By Samson ZHANG, Data Scientist at LittleBigCode

What are we talking about? DVC is a MLOps tool that works on top of Git repositories and has a similar command line interface and workflow to Git. It is designed to tackle the challenge of data sets traceability and reproducibility when training data-driven models.

Why do we need DVC ?

All data-driven models require data to be trained. Managing and creating the data sets used for training data-driven models requires a lot of time and space. Depending on the project, there can be up to thousands of versions of the data set to train the models. This can quickly become muddled due to multiple users altering and updating the data which can greatly jeopardize the traceability and reproducilibity of experiments.

In your data scientist career, you probably experienced data versions tracking issues when exploring and cleaning your data set, just like me.

For instance, I often worked on computer vision problems with thousands of images/annotation files. Counting the raw noisy data, the cleaned data and the preprocessed data, there are already 3 different versions to keep. And that is still without keeping track of some processing steps results!

Without DVC, a possible approach would be zipping files and storing hashes (file content checksum), and locations in Git commits. The data set would be fully duplicated for each version. It would be complicated to update and to keep track of. Just imagine the work you would have to do each and every time you have new data to add or wrong labels to correct!

This iterative process on the data set can be applied to many data science projects and it is not scalable without proper tools.

DVC has been created to exactly handle this iterative process in an efficient way.

As its name suggests, DVC is a data-versioning tool. It is first designed to track sequential updates of a data set. It is not designed to handle complex tasks such as concurrent labeling and data set cleansing (file removal and modification) in a multiple-users setting. A third-party specialized tool would be more appropriate for those tasks.

Why use DVC for data version management instead of other tools such as Git or Mlflow ?

Mlflow is not designed to track a lot of large files (for instance, thousands of images) as it does not optimize storage for file duplication. Tracking datasets version with Mlflow would be inefficient. Mlflow itself does not guarantee the reproducibility of a data set used during an experiment run, unless you save the whole data set during each run, which is not scalable.

Git is unsuited for large files versioning in general (especially for datasets). Furthermore, saving your data set with your source code can be a huge security breach as anybody that works on the code can access potentially sensitive data (even worse for public git repo).

Git-LFS exists as a git extension for large file storage but it has not been designed with data science in mind.
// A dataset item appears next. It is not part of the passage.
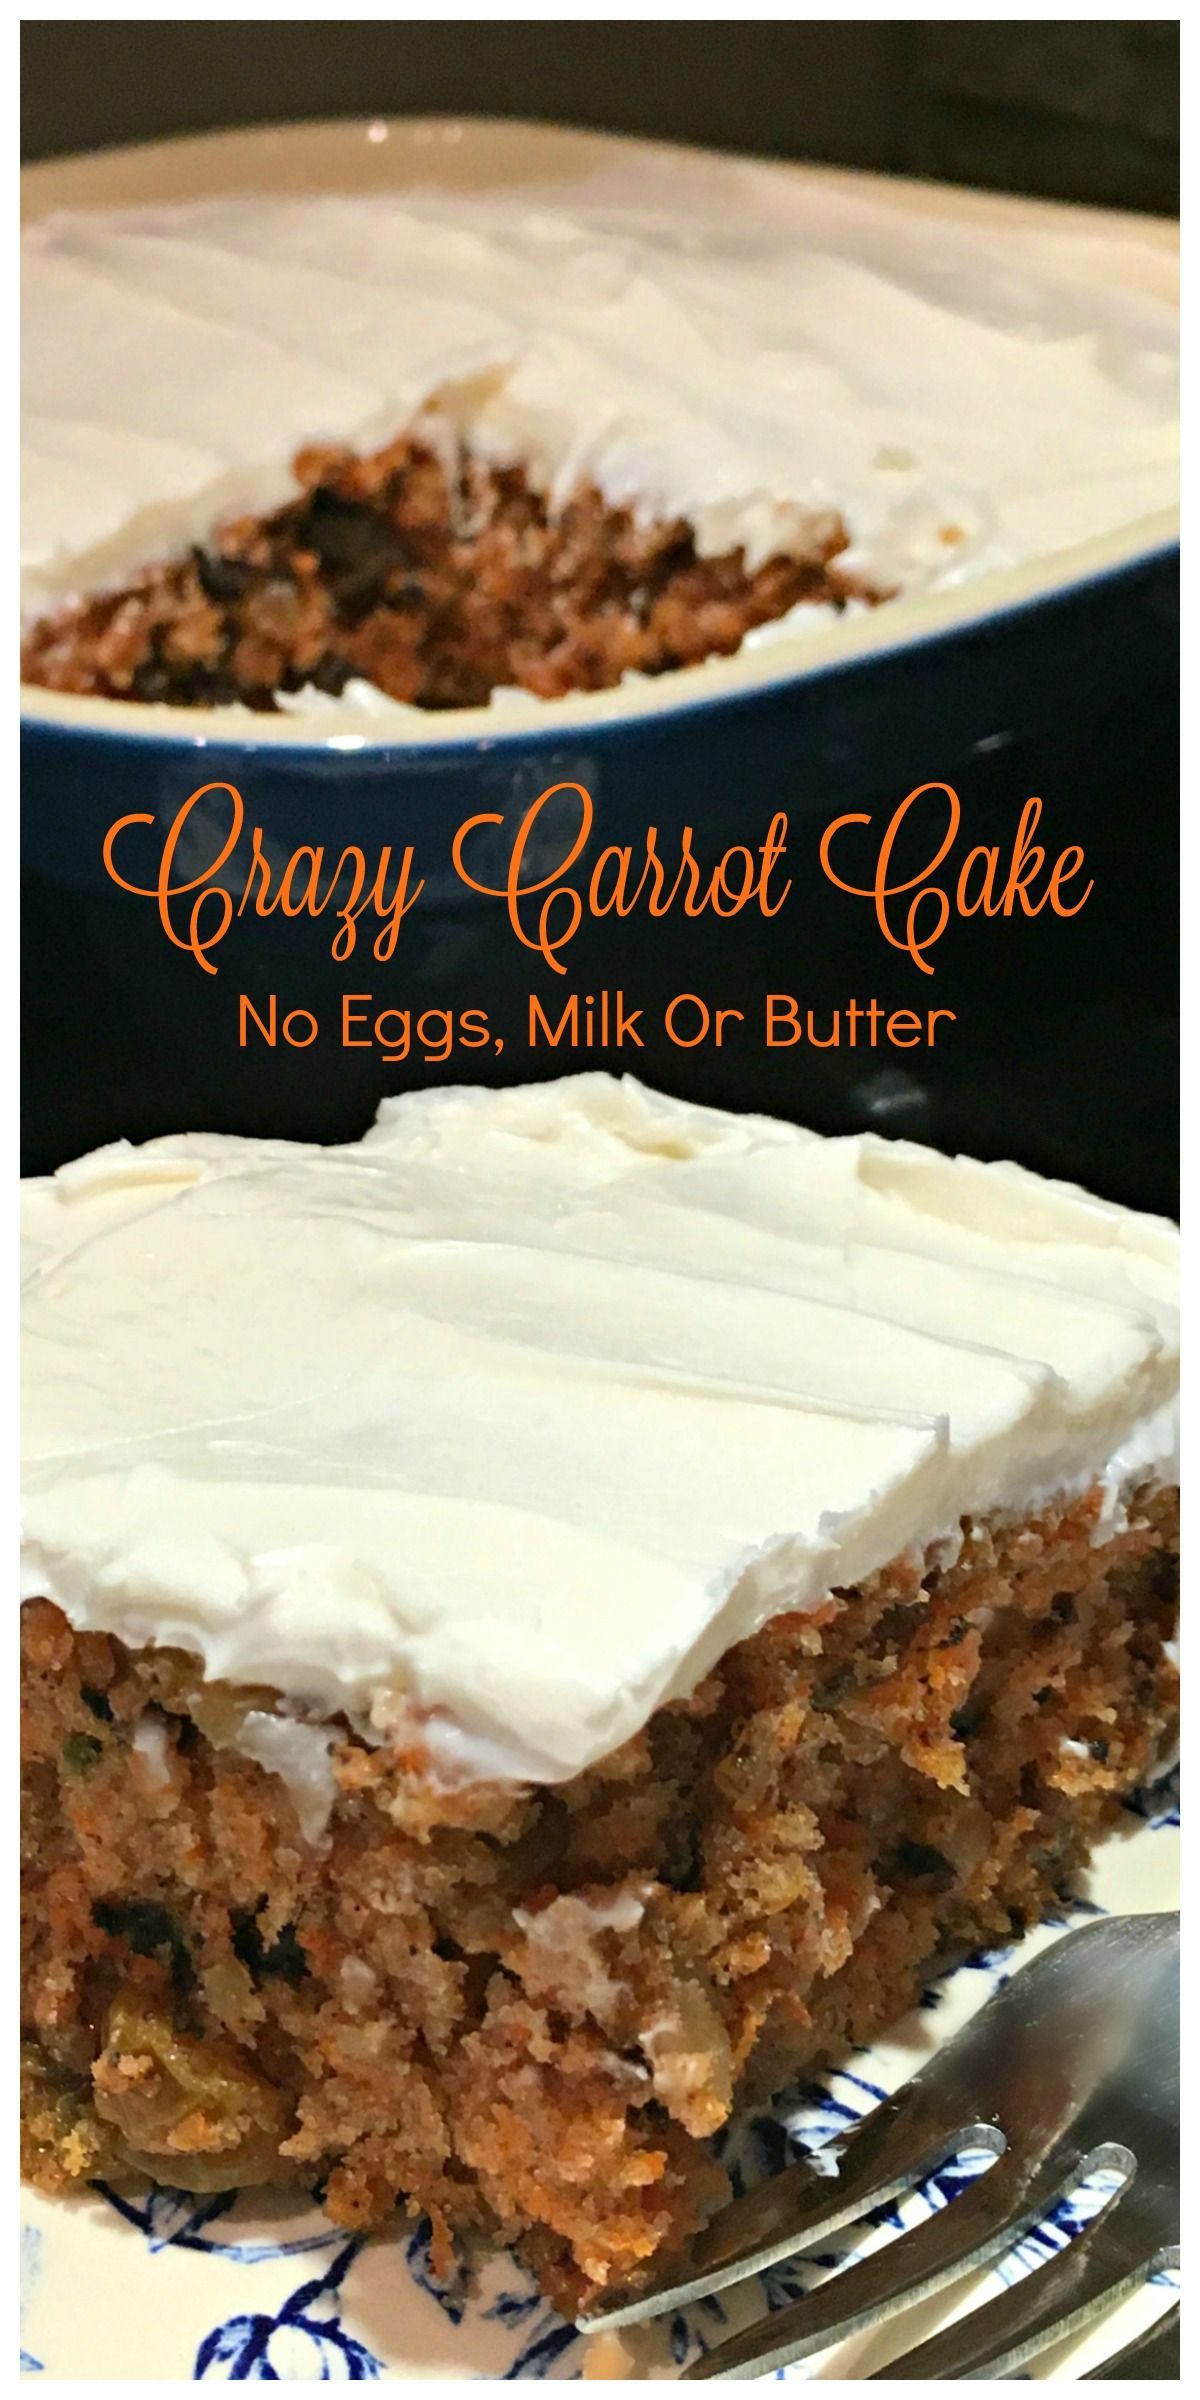 Crazy Carrot Cake - No Eggs, Milk or Butter -   18 cake Carrot eggs ideas

DVC: About Git-LFS. DVC can work with any cloud storage (or even a simple SSH server) and does not require a dedicated LFS server unlike Git-LFS.

Those are the main reasons that motivate the use of an additional type of tool for data versioning such as DVC for improving your ML experiments tracking experience. DVC complements Mlflow and Git in order to provide a complete ML tracking experience.

Technically, DVC is a file-versioning tool that can work with any type of data (image, text, video) as it saves files. But the latter does not mean that it is adapted to version complex data types for ML purposes such as large video files because DVC simply tracks file versions with hashes (content checksum). For instance, a few seconds modification to an 1h-long video file (several GBs) results in 2 full 1h-long video files stored which implies a lot of duplication.

How does it work ?

You can version datasets in your Git repository by only storing small *.dvc metafiles (text) tracked by Git commits (cf. figure 1). It has an optimized versioning capability like git by only storing the minimal quantity of information to describe the data across all the data set versions in a repository. The same file appearing in multiple data set versions is stored only once.

Figure 1. How DVC works. Source: DVC.org

Project structure

A DVC repository is a Git repository that tracks DVC files. Setting up a DVC repository and do data versioning is easy.

Let’s take a look at the composition of a DVC repository :

For a Git repository to be also be a DVC repository, there are only 2 elements needed:

►.dvc/ subdirectory at the project’s root. This directory mainly contains customizable config files. By default, it also contains the DVC repository cache;

►*.dvc files

DVC files (*.dvc) are the entry points for versioning data. They are metafiles used by DVC to point to the data in a storage space. DVC files and an URI of the data storage space (local file system, AWS, Azure, GCP…) are the only information needed for versioning data sets. You can think that *.dvc files are like indexes, they are light and easily versionable addresses that point to the actual data stored in a more suited storage space (cloud, local remote storage).

It means that *.dvc files have to be tracked by Git, in order to track different versions of a data set. Conversely, if a data set version pointed by a .dvc file is not tracked by Git, it can become inaccessible (it is not designed to be accessed without .dvc files) but the data will still exist in the storage.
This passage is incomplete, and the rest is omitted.